Николай Николаевич не вспоминал о прошлом потому, что не жалел о нем: оно ничем не было лучше настоящего и ожидаемого будущего.

Стол, за которым столько лет просидел Николай Николаевич, стоял против широкого, светлого окна. Под окном была посажена молоденькая липка, успевшая вырасти в большое дерево с толстым, черным стволом и пахучими листьями. Николай Николаевич любил или, лучше, привык к этому дереву и к этому окну. Весной окно растворялось, молодые листья заглядывали в комнату, и Николай Николаевич, когда уставал писать, облокачивался на спинку стула и смотрел, как медленно покачивались они. Он в это время ни о чем не думал, но ему было приятно смотреть на светло-зеленые листья, которые шевелились как живые.

Липу эту посадил давно уже умерший пристав, при котором Николай Николаевич поступил на службу. Единственный, кажется, пристав, которого он помнил, – потому, может быть, что это был его первый начальник, а может быть, потому что его особенно часто изображал Кривцов.

Пристав этот очень любил Николая Николаевича и был большой весельчак, шутник.

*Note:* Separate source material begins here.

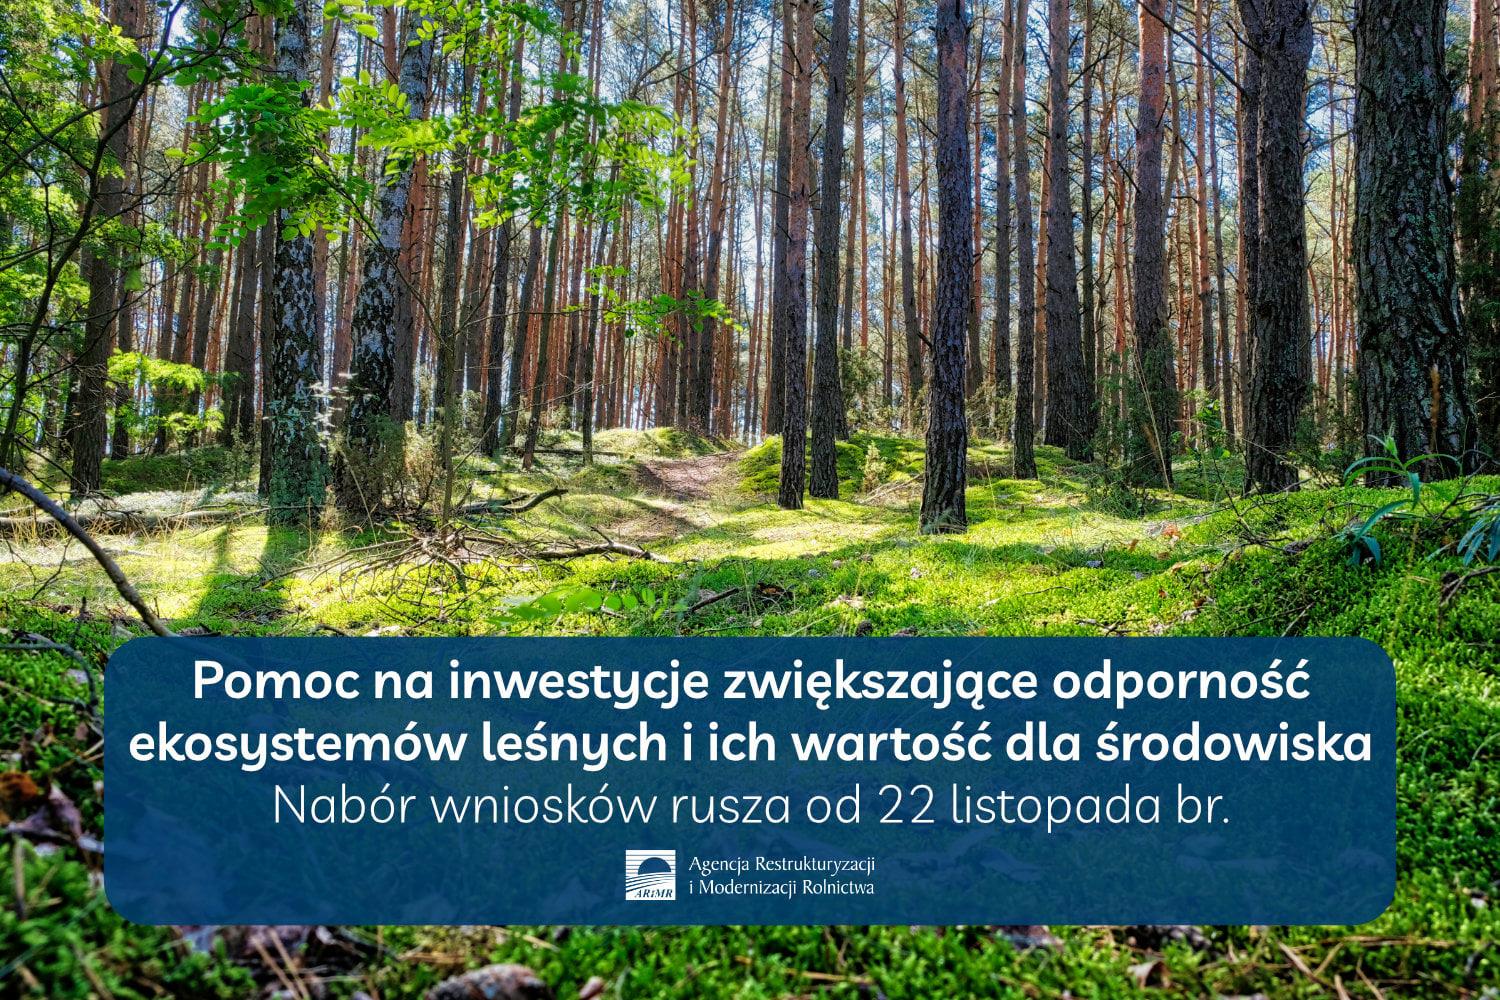 Jesteś właścicielem lasu i chcesz dokonać w nim inwestycji? – Miasto  Zduńska Wola
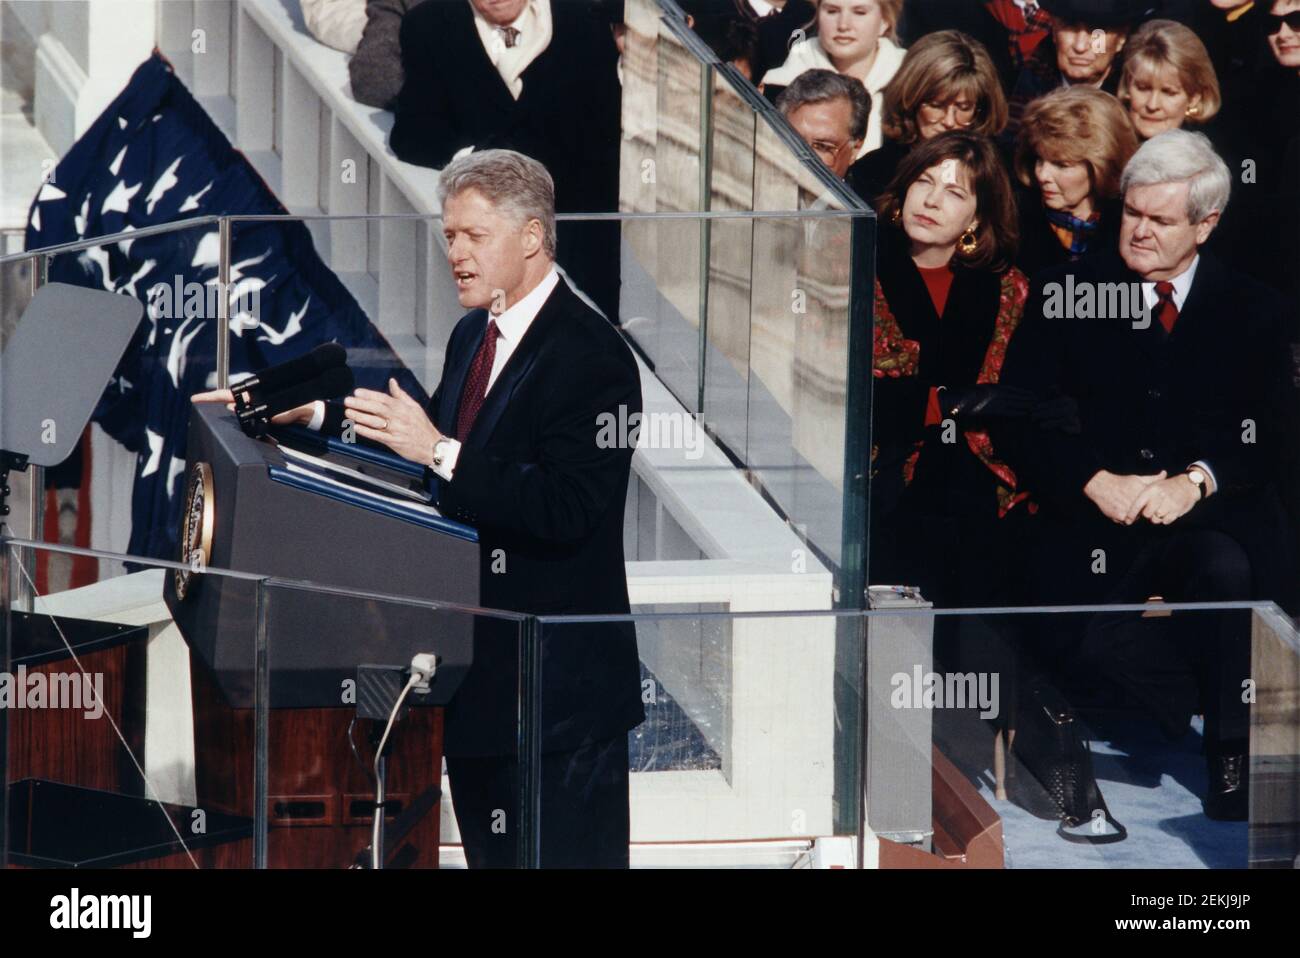 Le président américain Bill Clinton a prononcé son discours inaugural sur le front ouest du Capitole des États-Unis, Washington, D.C., États-Unis, Architect of the Capitol Collection, le 20 janvier 1997 Banque D'Images

Николай Николаевич часто вспоминал, как, бывало, его первый начальник подойдет в упор и огорошит вопросом:

– Почему попы покупают шляпы с широкими полями?

И не дожидаясь ответа, сквозь громкий, оглушительный хохот, наклоняясь к самому уху Николая Николаевича, добавляет:

– Потому, что даром им шляп не дают.

Хохочет пристав, хохочут и все подчиненные.

– А что будет с голубой лентой, – спрашивает он далее, – если ее бросить в Ледовитый океан?

Оказывалось, что лента потонет.

В саду кроме липы росло много других деревьев, разведенных тем же приставом. Сад был темный, тенистый, в нем пели соловьи. И Николай Николаевич любил слушать их, но никогда это пение не мешало ему переписывать бумаги. Он начинал слушать только тогда, когда уставала рука. А уставала у него только рука да иногда еще спина. Писал он механически, по навыку, образовавшемуся за долгую службу, внося разнообразие в свое писание только по требованию начальства.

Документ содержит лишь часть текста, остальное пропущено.